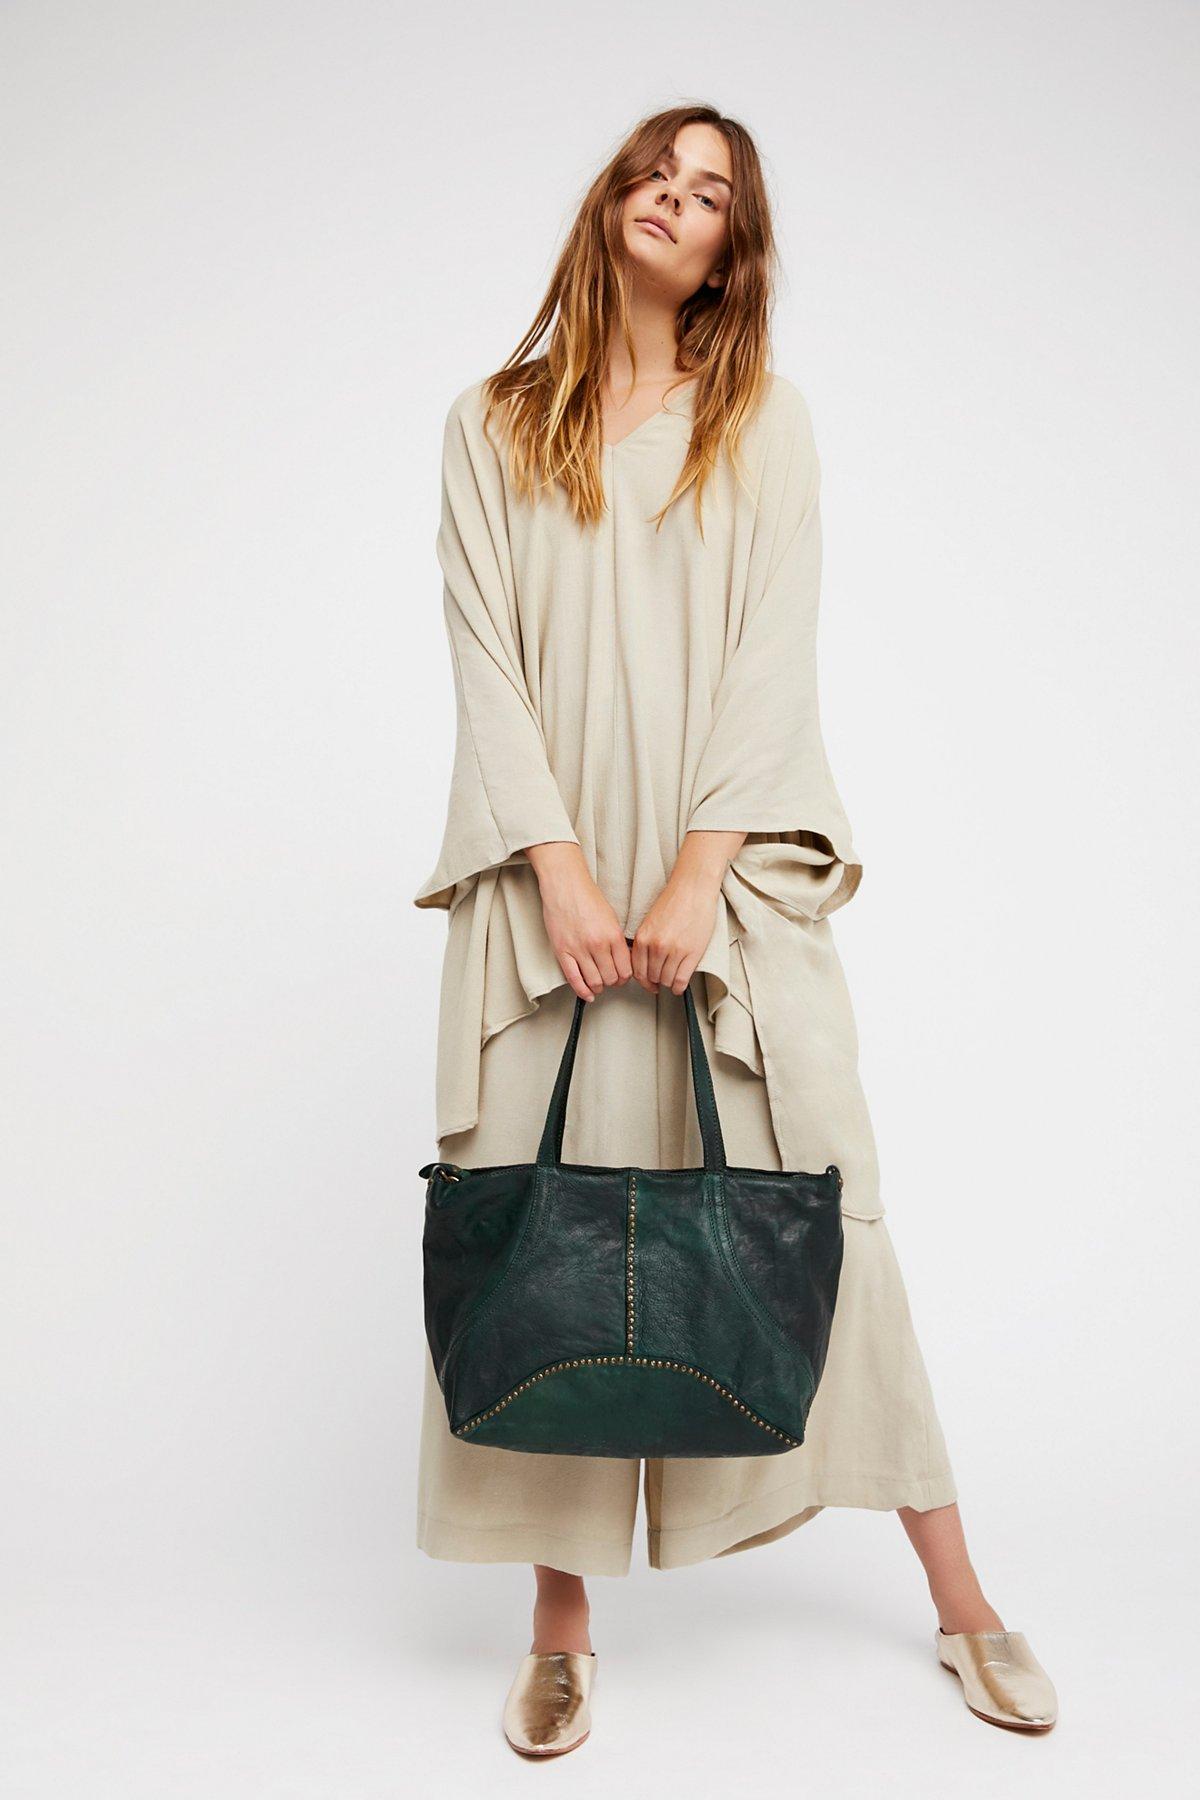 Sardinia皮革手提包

==

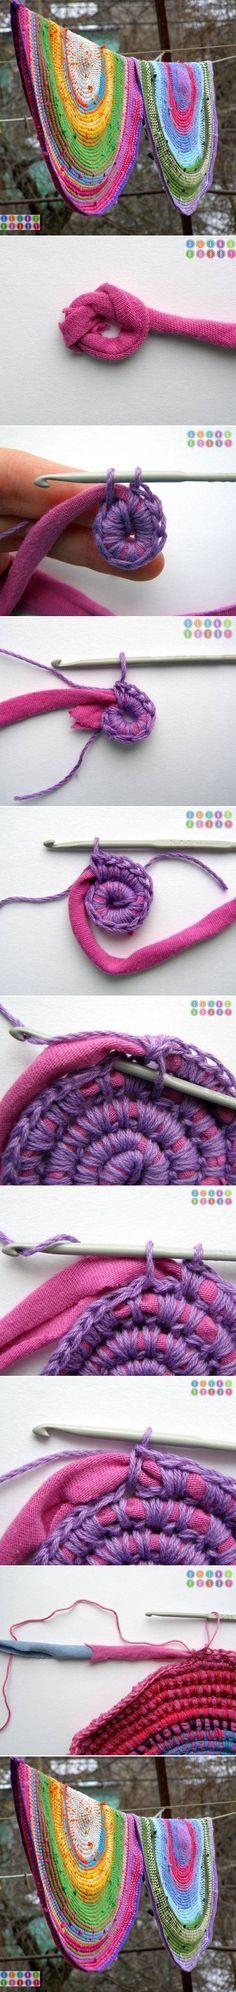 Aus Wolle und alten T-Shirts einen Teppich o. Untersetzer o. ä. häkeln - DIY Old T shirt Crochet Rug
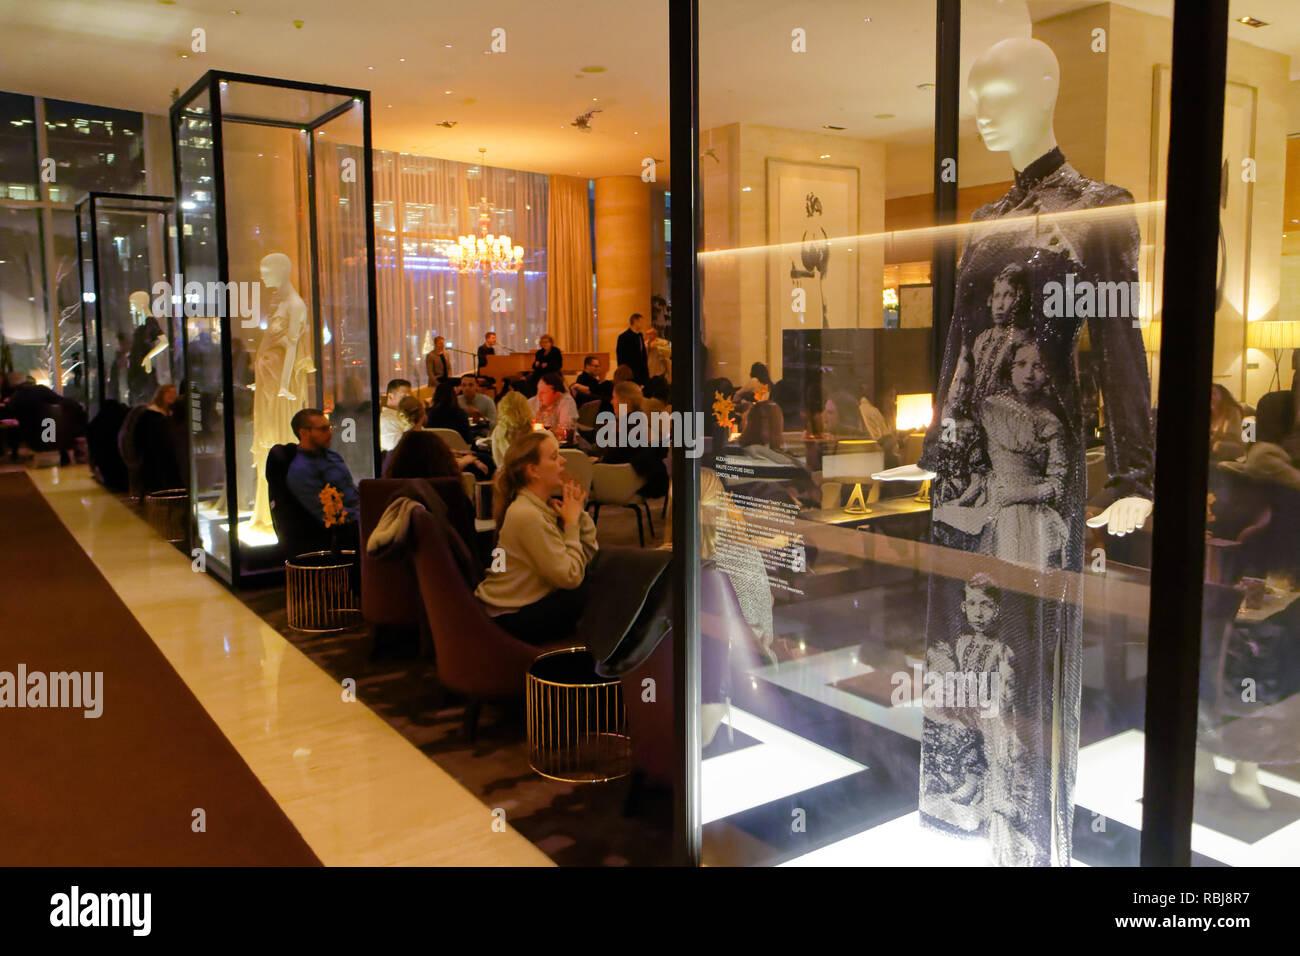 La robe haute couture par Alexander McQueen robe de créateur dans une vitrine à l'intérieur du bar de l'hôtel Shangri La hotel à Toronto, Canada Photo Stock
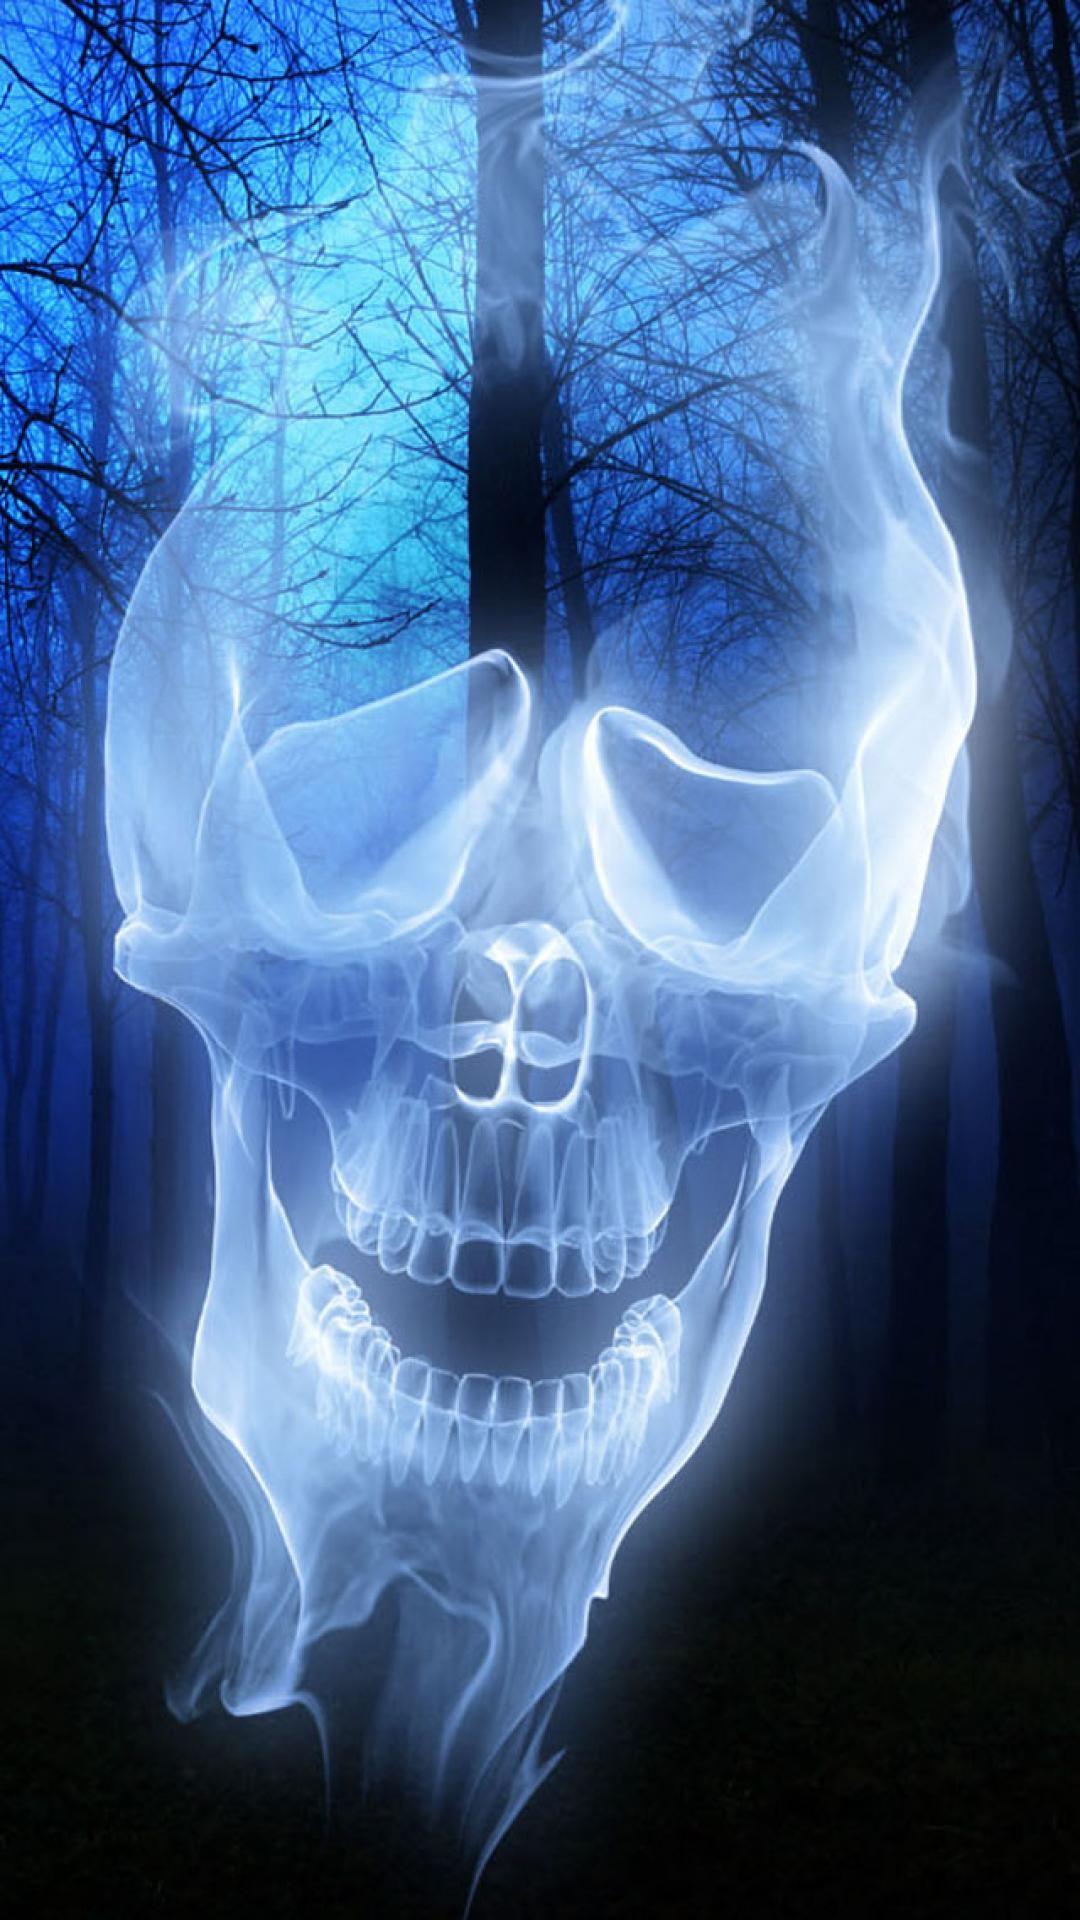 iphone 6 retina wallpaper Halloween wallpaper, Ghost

---

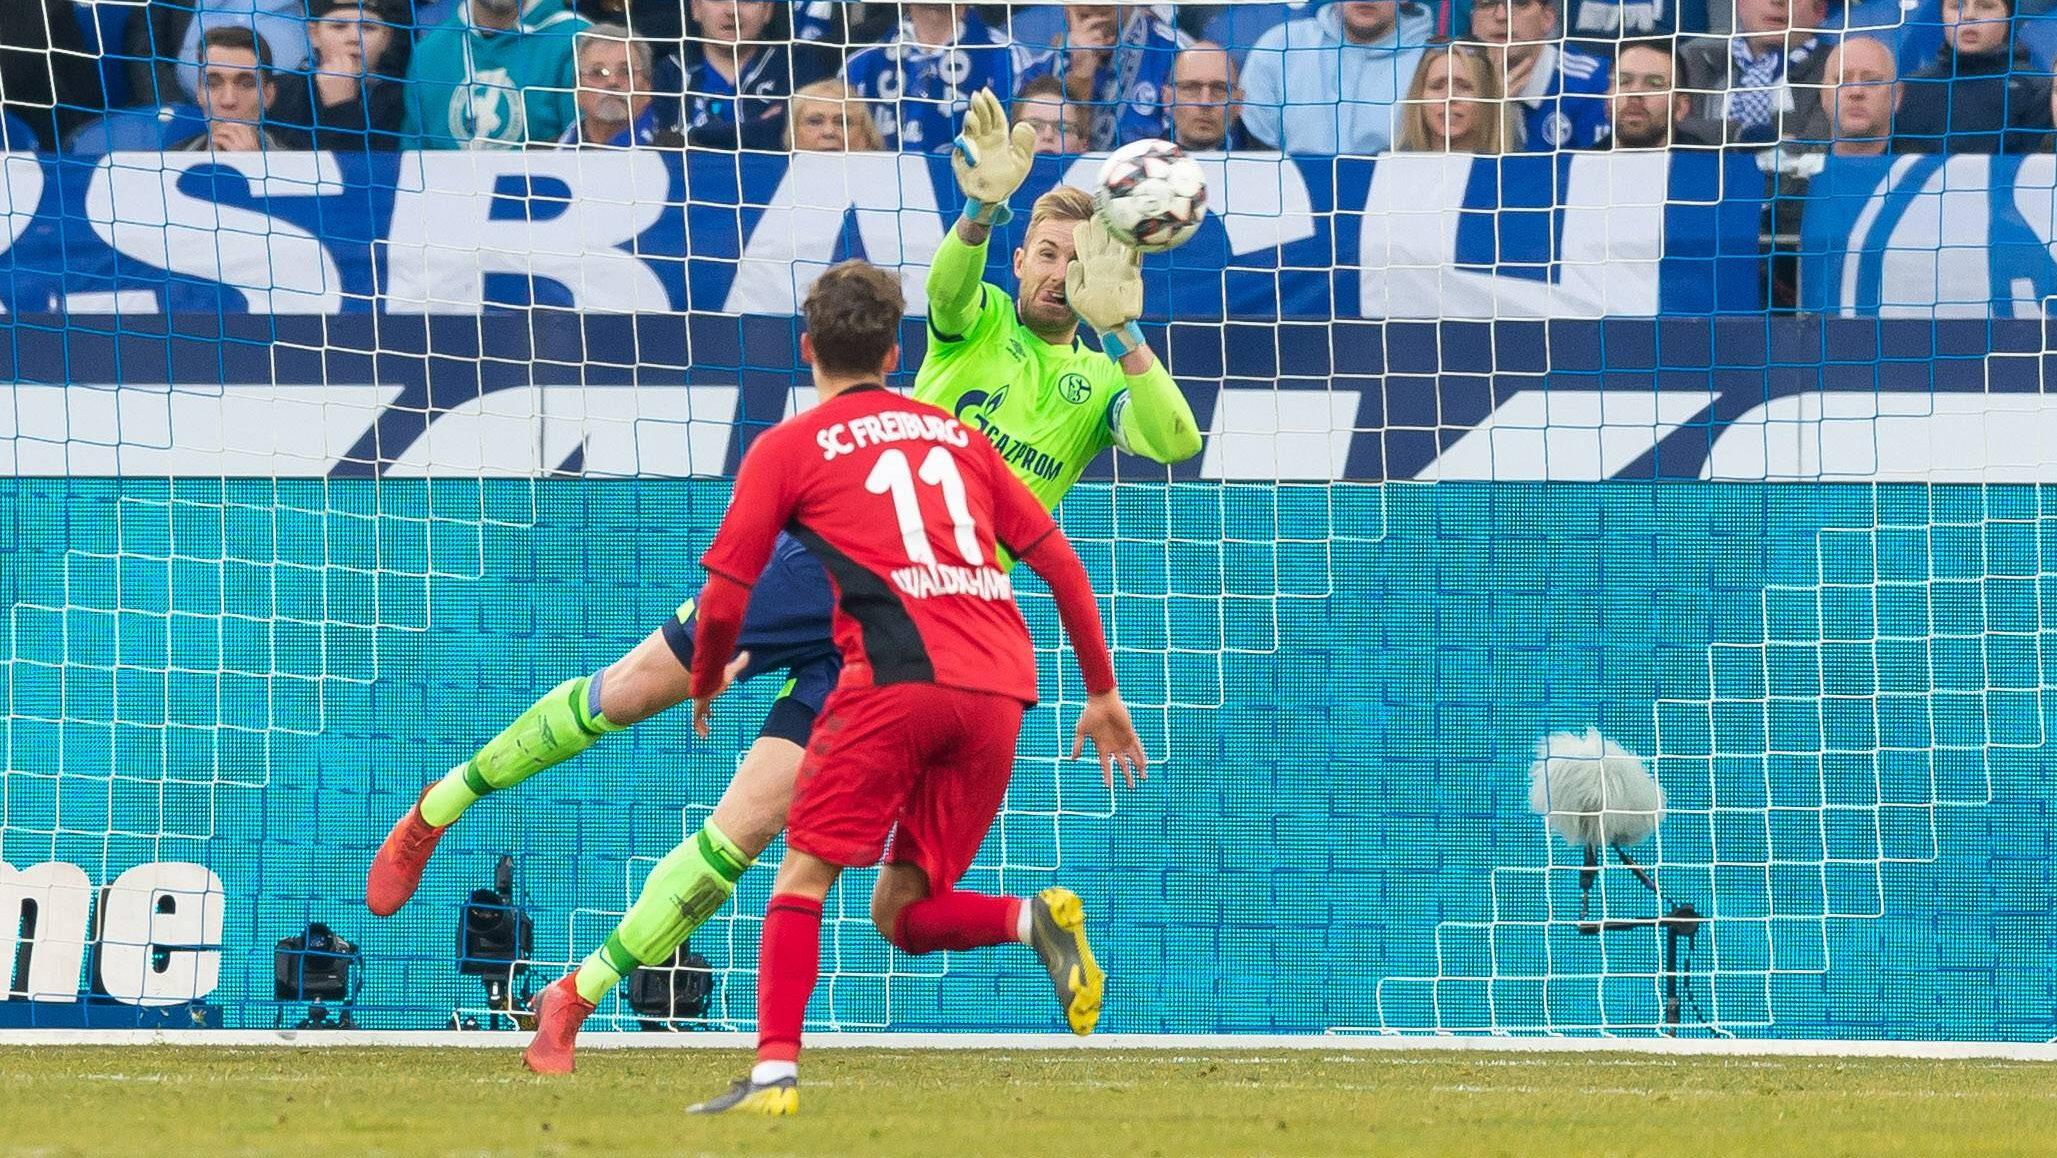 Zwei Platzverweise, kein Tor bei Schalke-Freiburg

→ EXERCISE REQUIREMENTS: Would you restate, exactly and with no pictures, the lines of the entries above from the one containing "Aus Wolle und" through the one containing "iphone 6 retina"?

→ ANSWER FOR THIS EXERCISE:
 Aus Wolle und alten T-Shirts einen Teppich o. Untersetzer o. ä. häkeln - DIY Old T shirt Crochet Rug
 La robe haute couture par Alexander McQueen robe de créateur dans une vitrine à l'intérieur du bar de l'hôtel Shangri La hotel à Toronto, Canada Photo Stock
 iphone 6 retina wallpaper Halloween wallpaper, Ghost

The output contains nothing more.